WHAT IS EXPECTED: For the material below, the expected output is exactly the lines between the line holding "Animeverse island" and the line holding "Vino Nobile di", inclusive, with pictures left out.

PROVIDED ENTRIES:

--- START ---

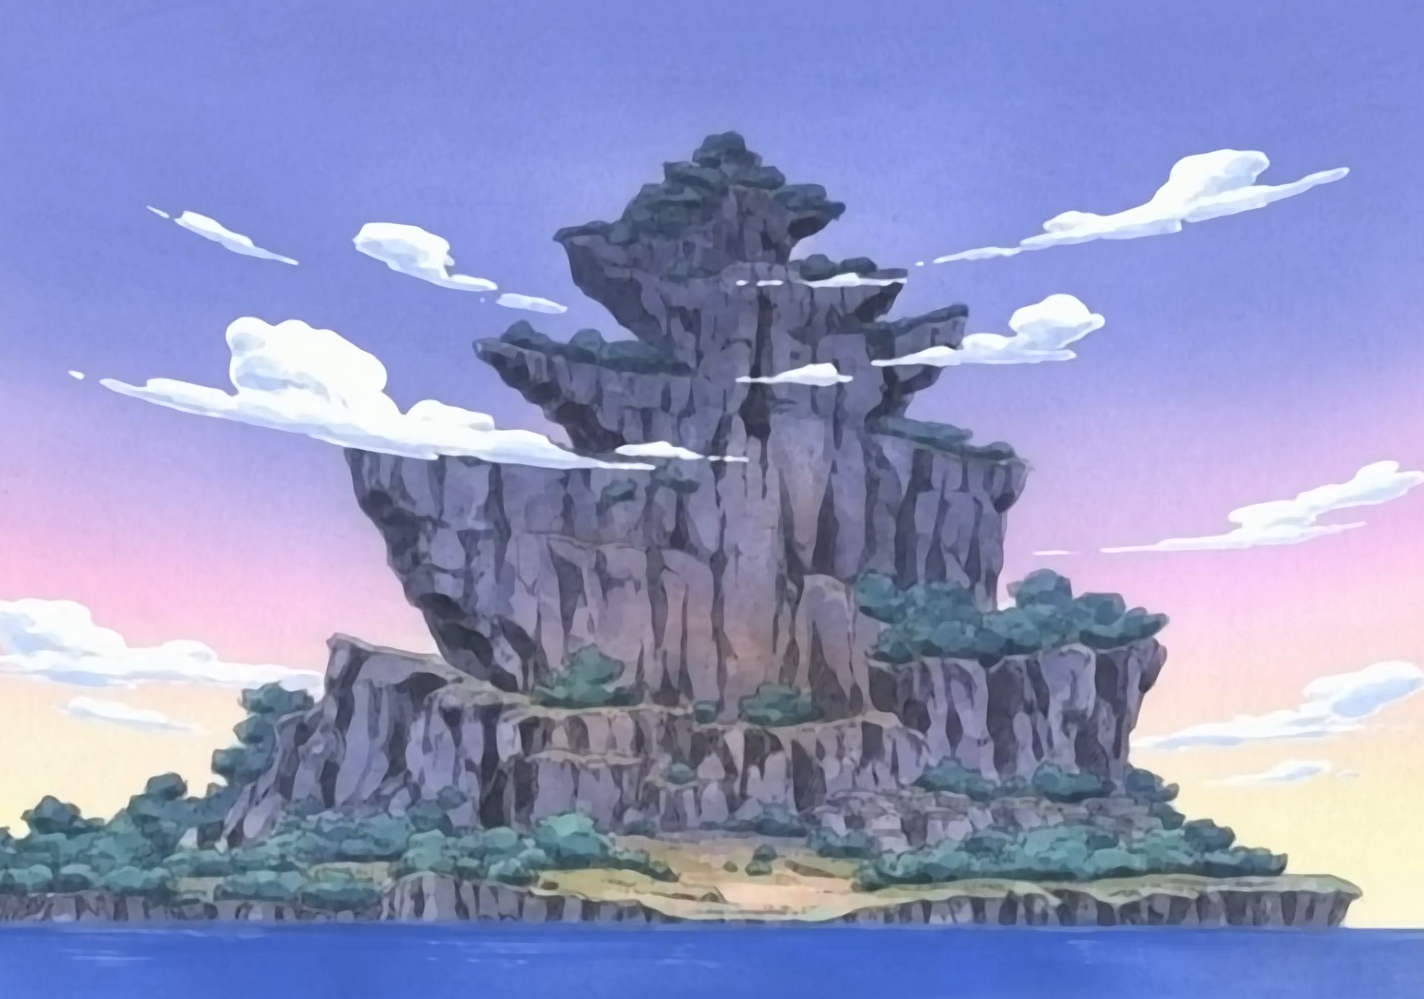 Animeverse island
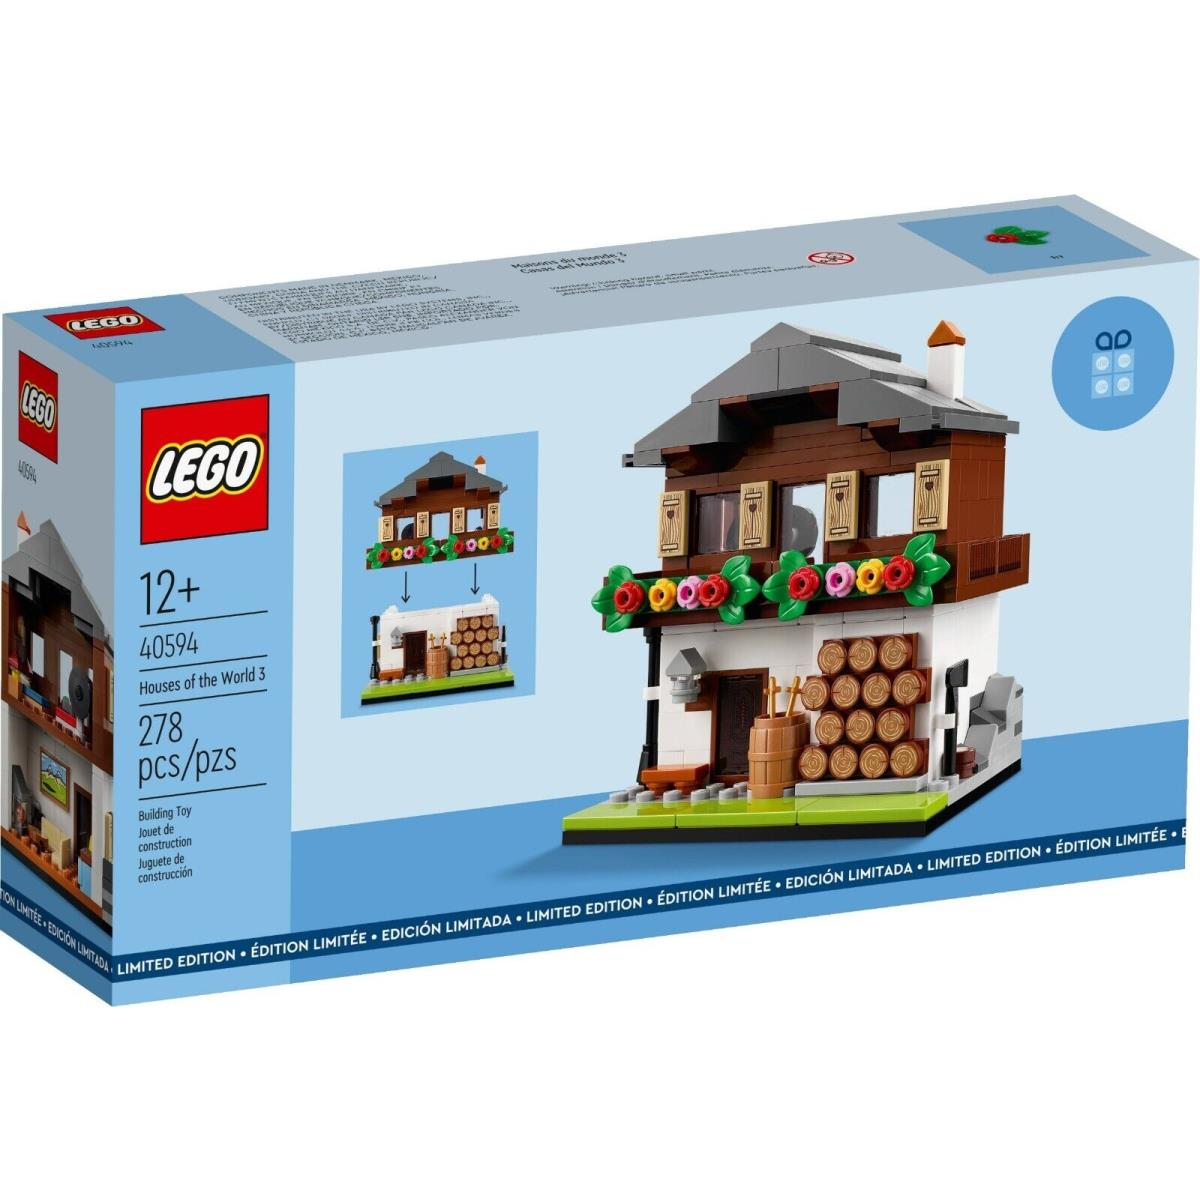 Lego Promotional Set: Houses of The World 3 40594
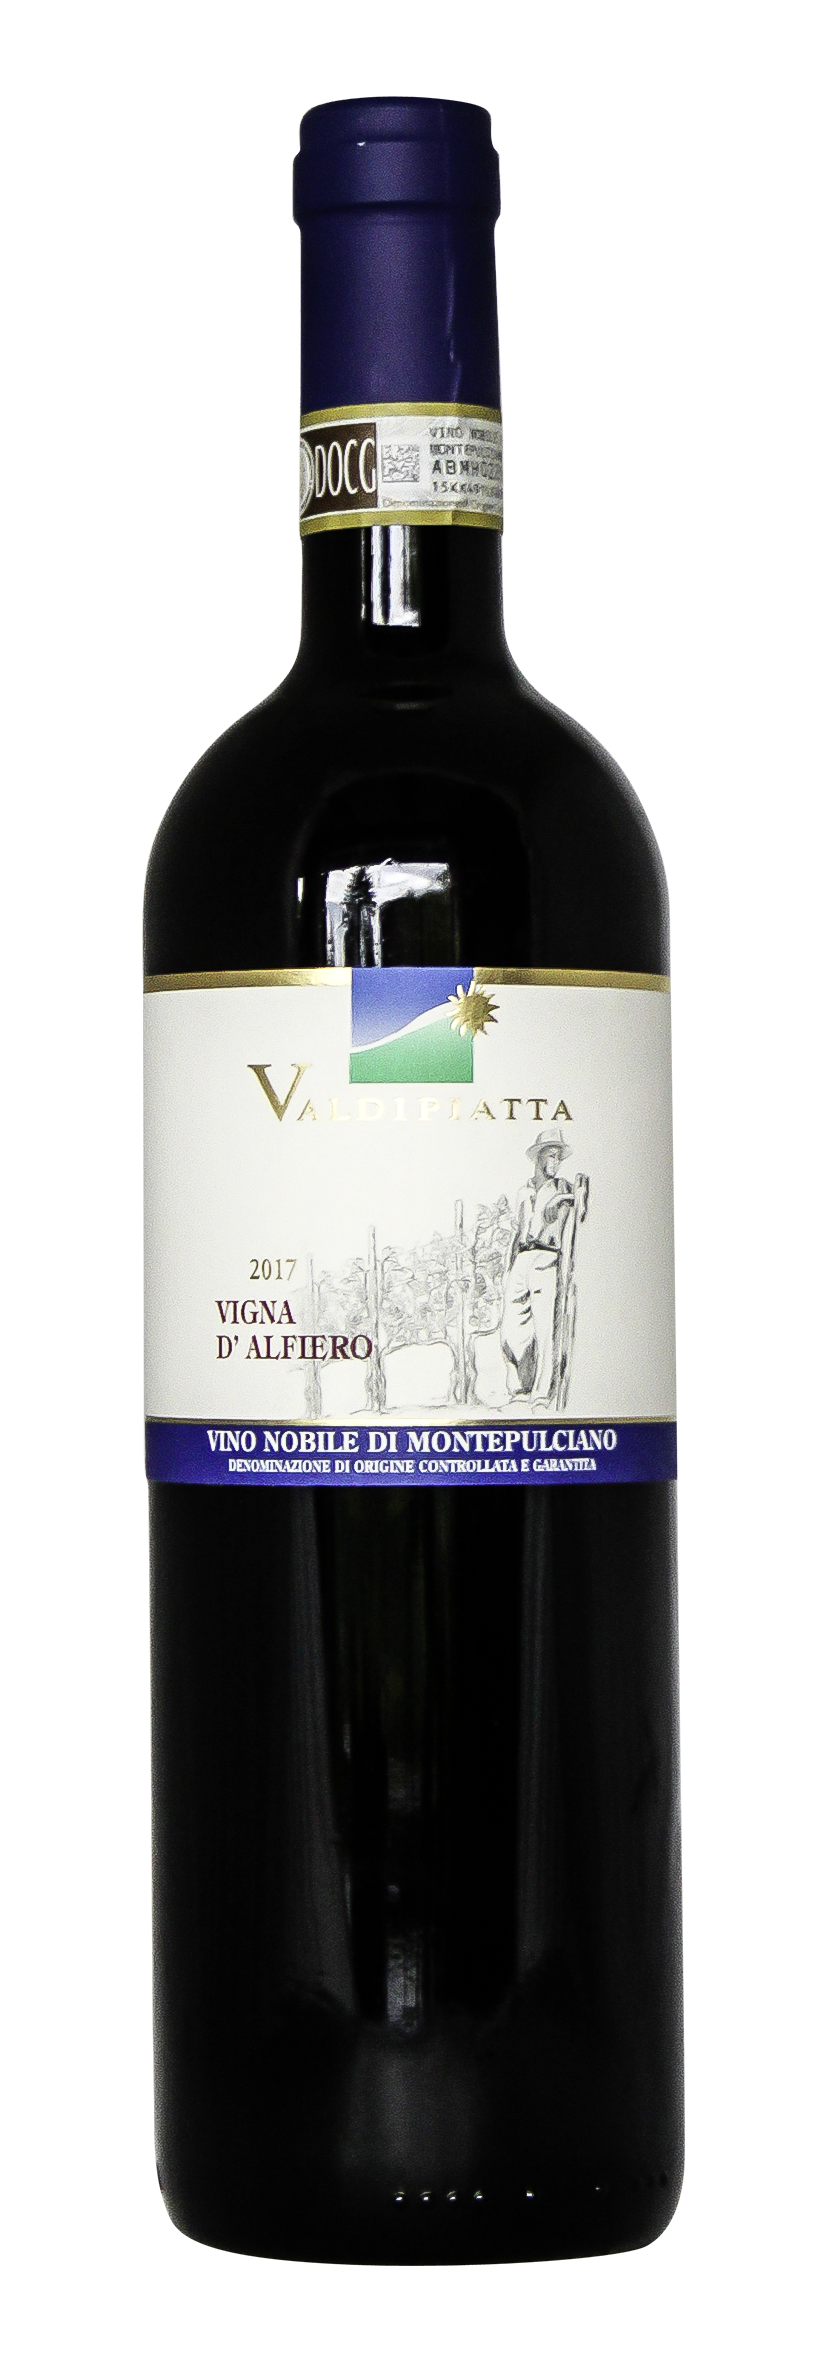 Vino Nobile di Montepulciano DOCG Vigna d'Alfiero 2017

--- END ---
--- START ---

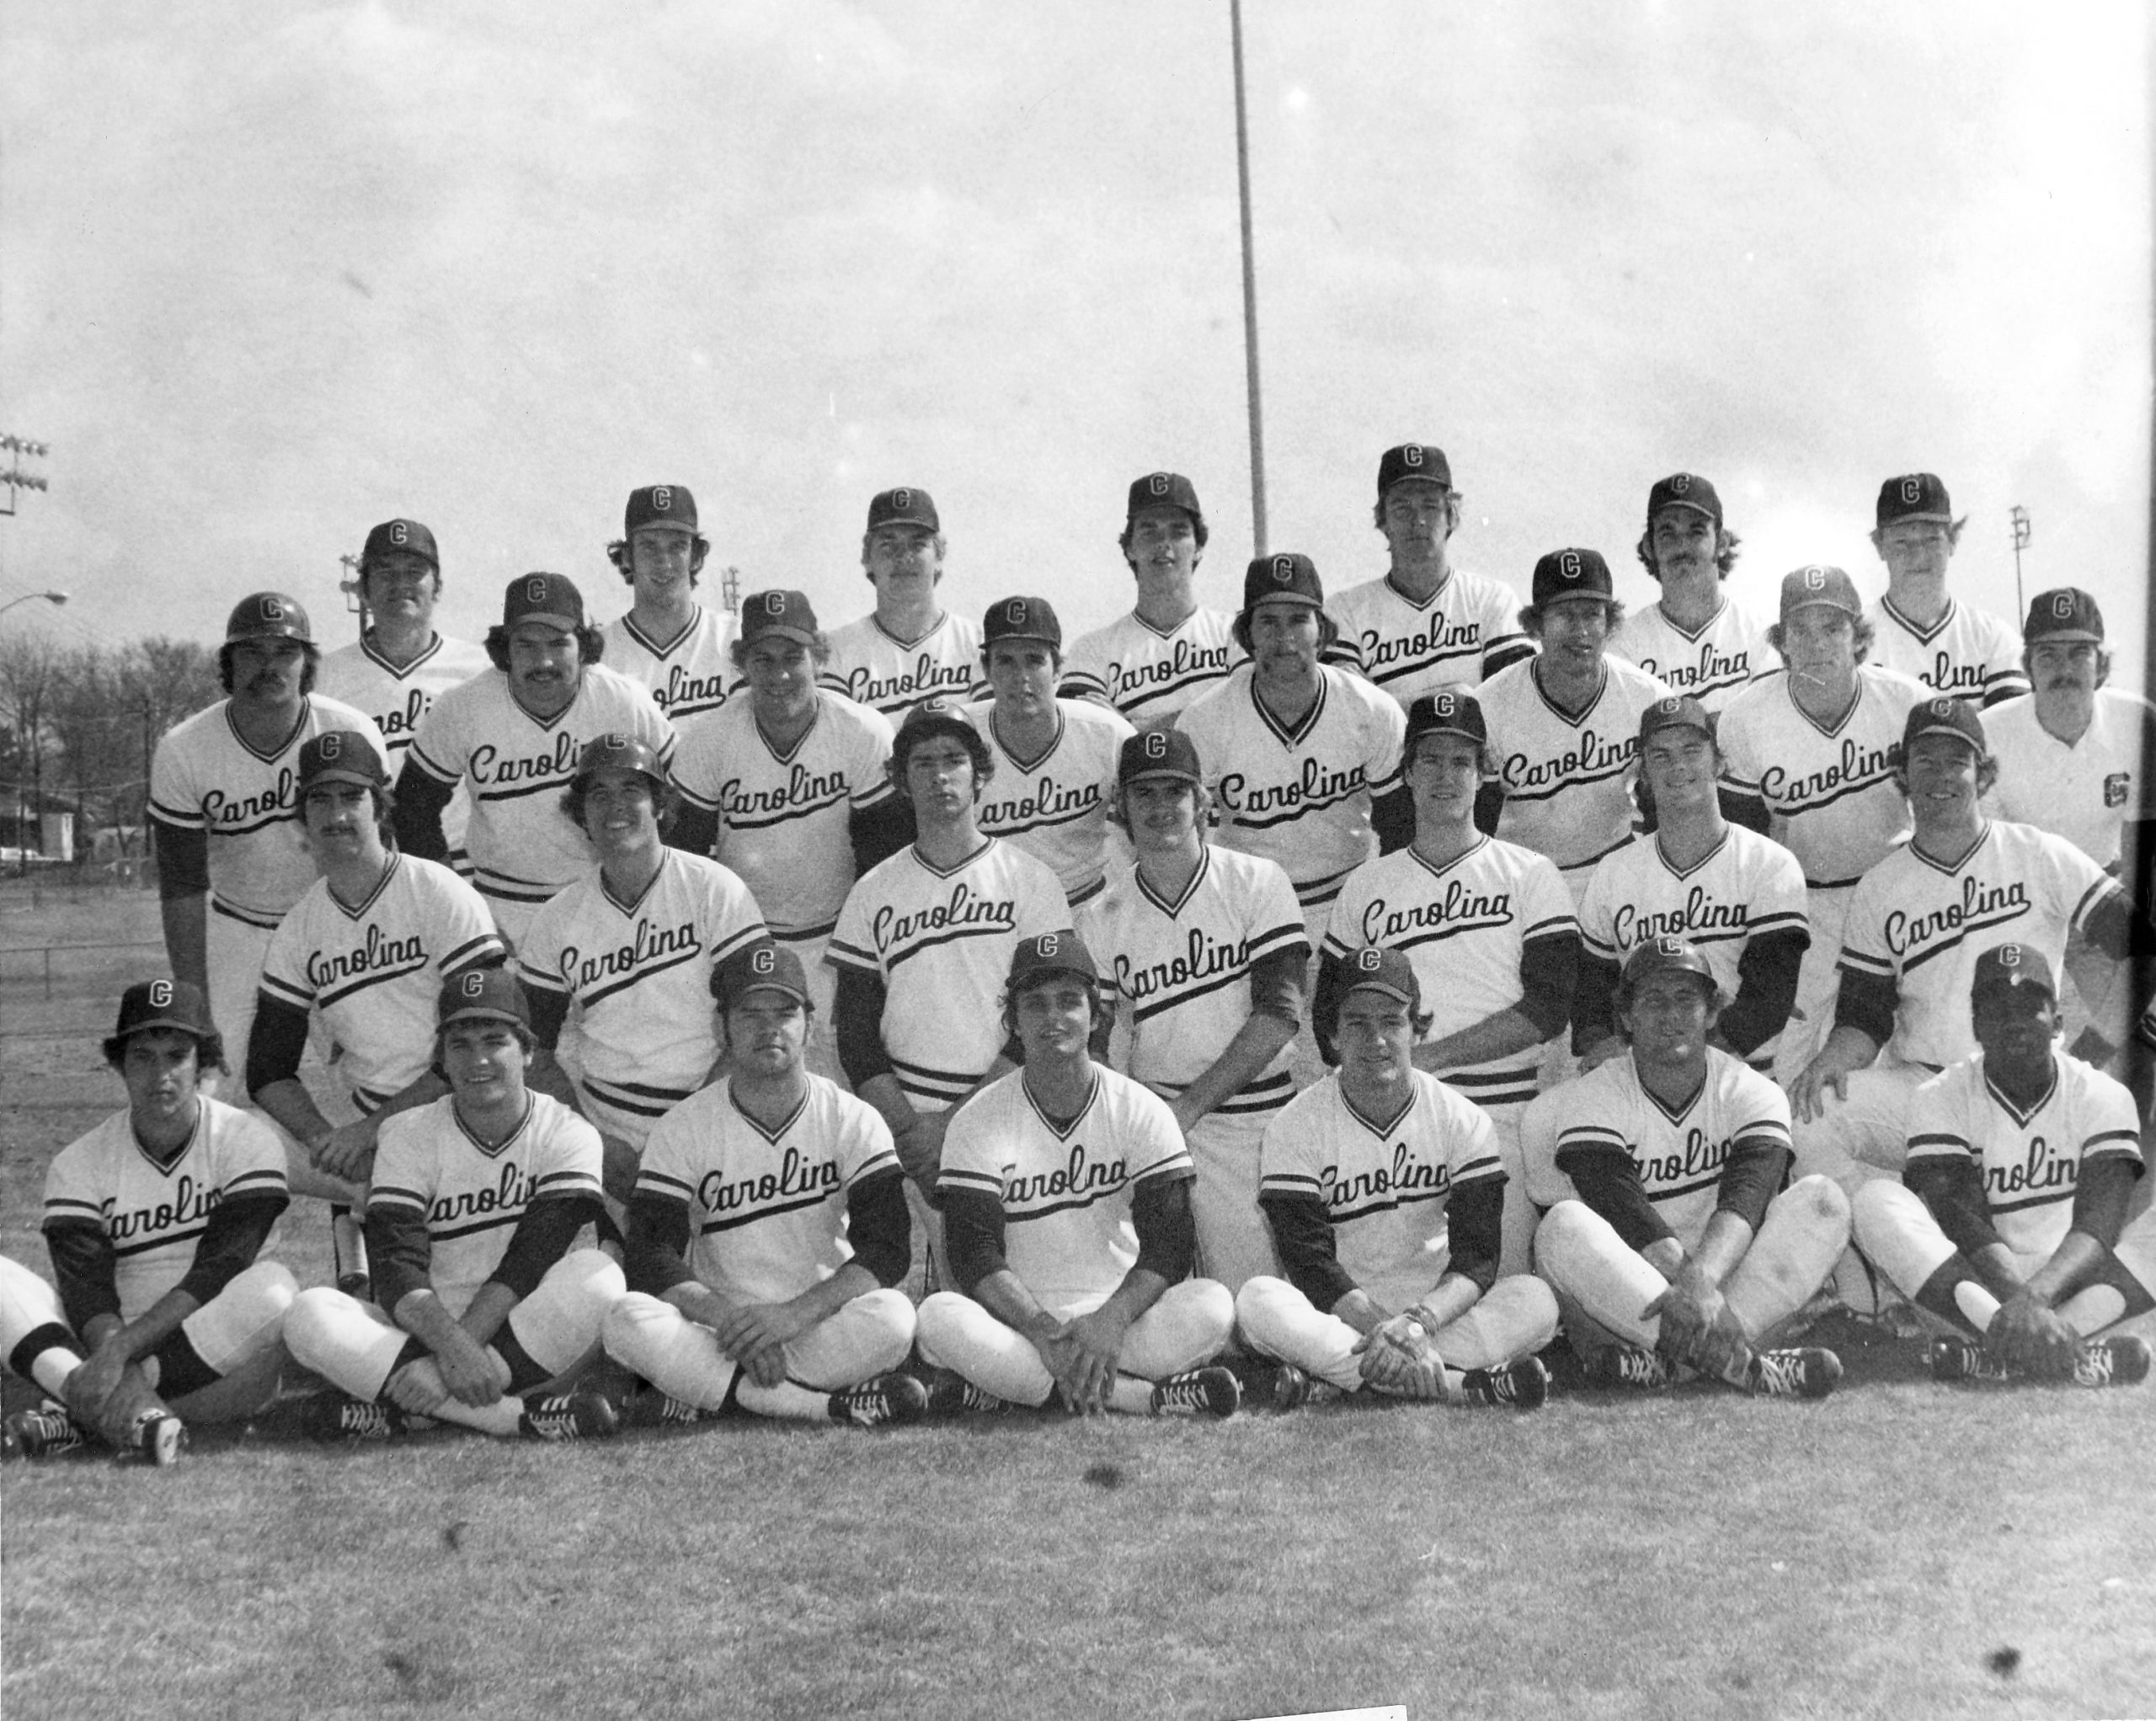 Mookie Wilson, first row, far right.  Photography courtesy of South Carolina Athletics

--- END ---

COMPLETED EXERCISE:
 Animeverse island
 Lego Promotional Set: Houses of The World 3 40594
 Vino Nobile di Montepulciano DOCG Vigna d'Alfiero 2017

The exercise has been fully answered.